The SFDR framework contains 18 mandatory indicators for greenhouse gas emissions, biodiversity, water, waste and social indicators that should be taken into account (comply or explain).
In addition, there are voluntary indicators: 22 climate and other environmental indicators, as well as 24 indicators related to social and labour issues, respect for human rights, anti-corruption and anti-bribery issues.
AP2 will develop the reporting in the coming years.

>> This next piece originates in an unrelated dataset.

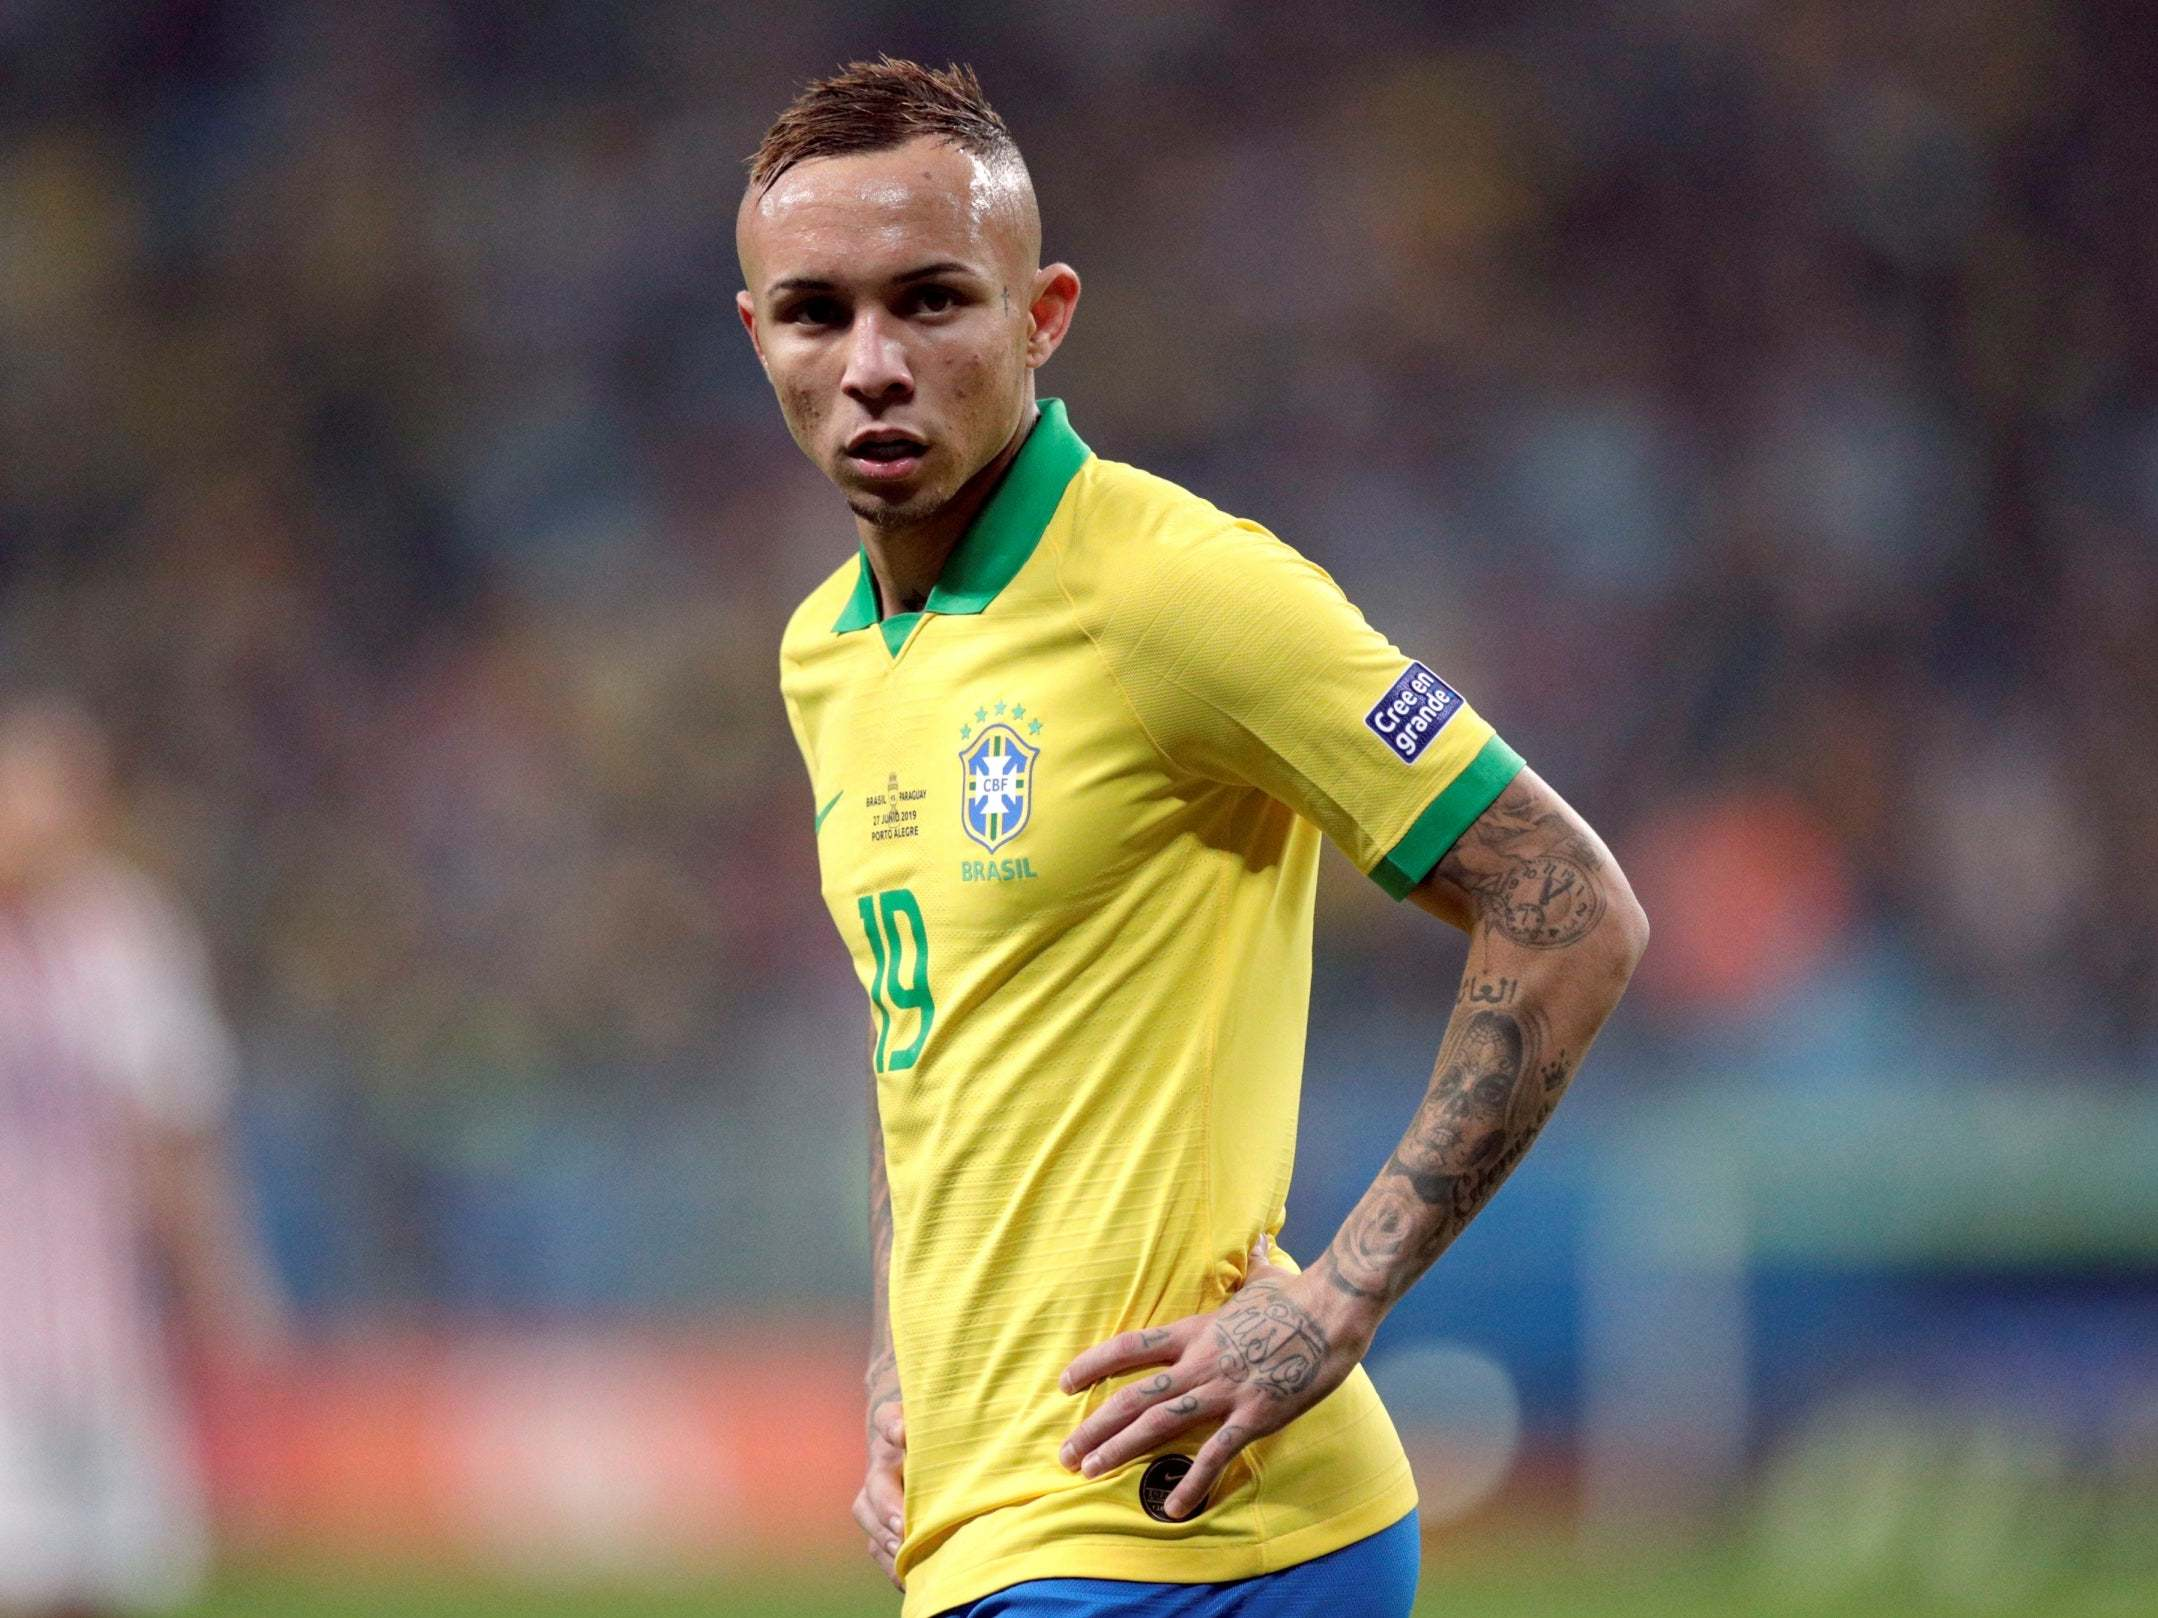 Arsenal transfer news: Everton Soares, Wilfried Zaha, Kieran Tierney, Dani Ceballos, William Saliba latest
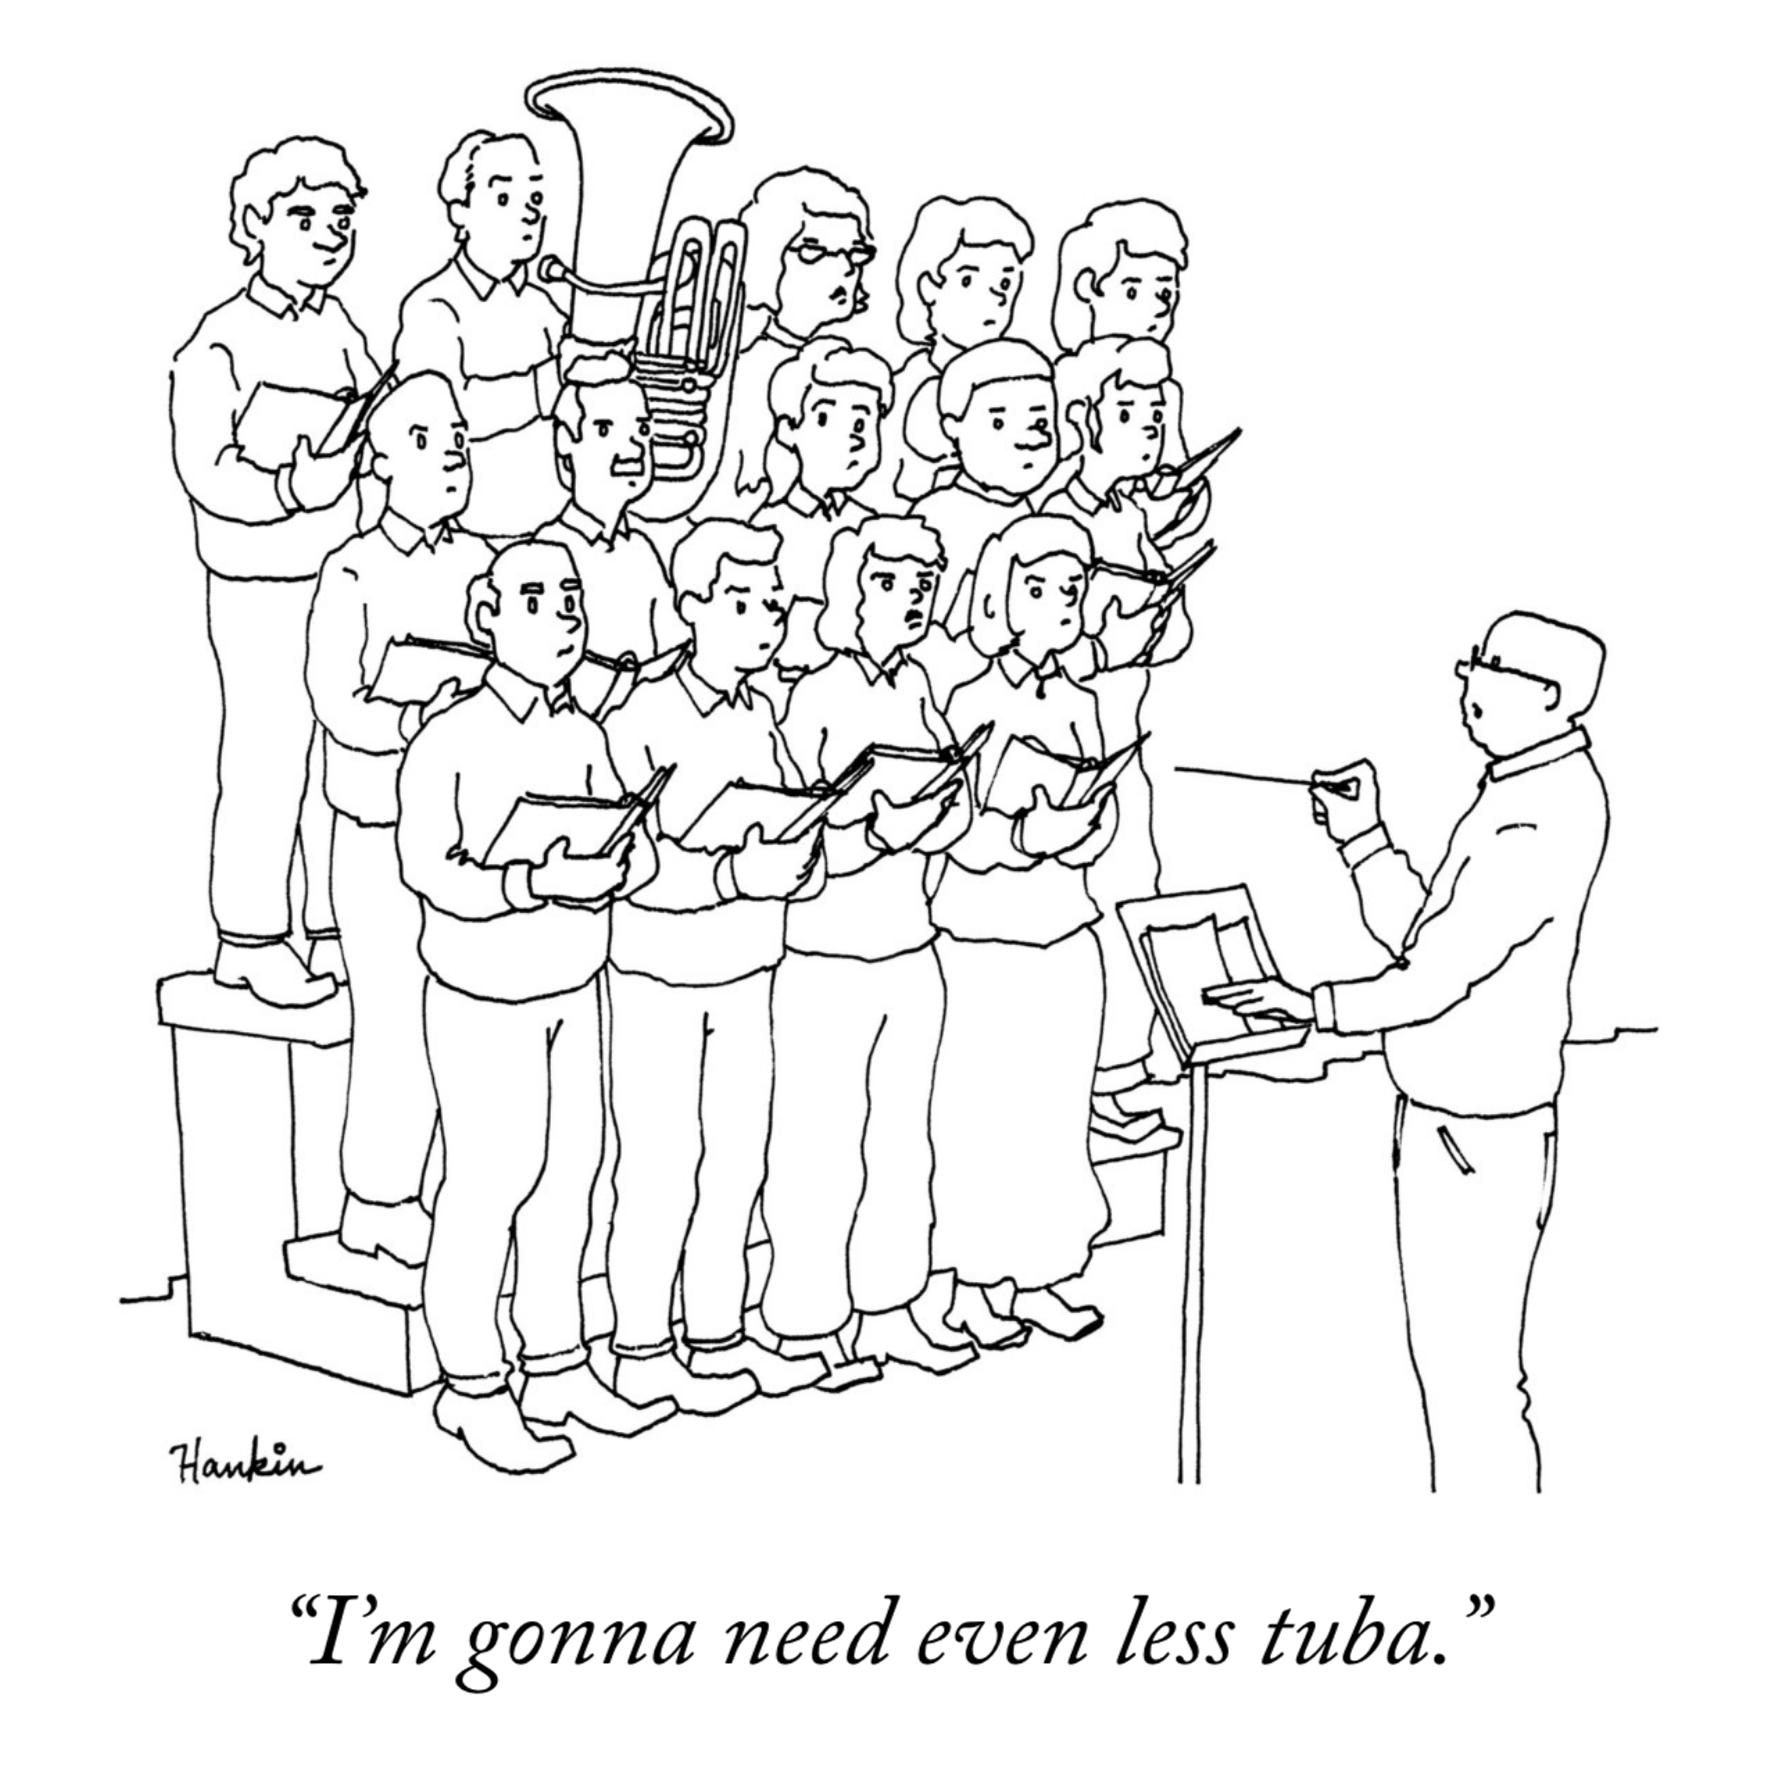 even less tuba

How AP2’s remuneration policy relates to sustainability risk integration
The AP Funds’ mission is to generate a high return while keeping risk low. The investment strategy shall be based on the impact on outgoing pensions and shall take into account the solvency requirements of the outflows from the Funds. It is important that Funds enjoy public confidence and act responsibly. The AP Funds must also manage the funds in an exemplary manner through responsible investments and ownership.
Both sustainability and responsible action are high priorities for the Funds. A proactive approach to environmental, ethical, social and corporate governance issues is the means to achieve the objective of a sound risk-adjusted return. Remuneration of employees should encourage high performance and behaviour in line with the AP Funds’ missions and comply with the Swedish Government’s guidelines for terms of employment in the AP Funds.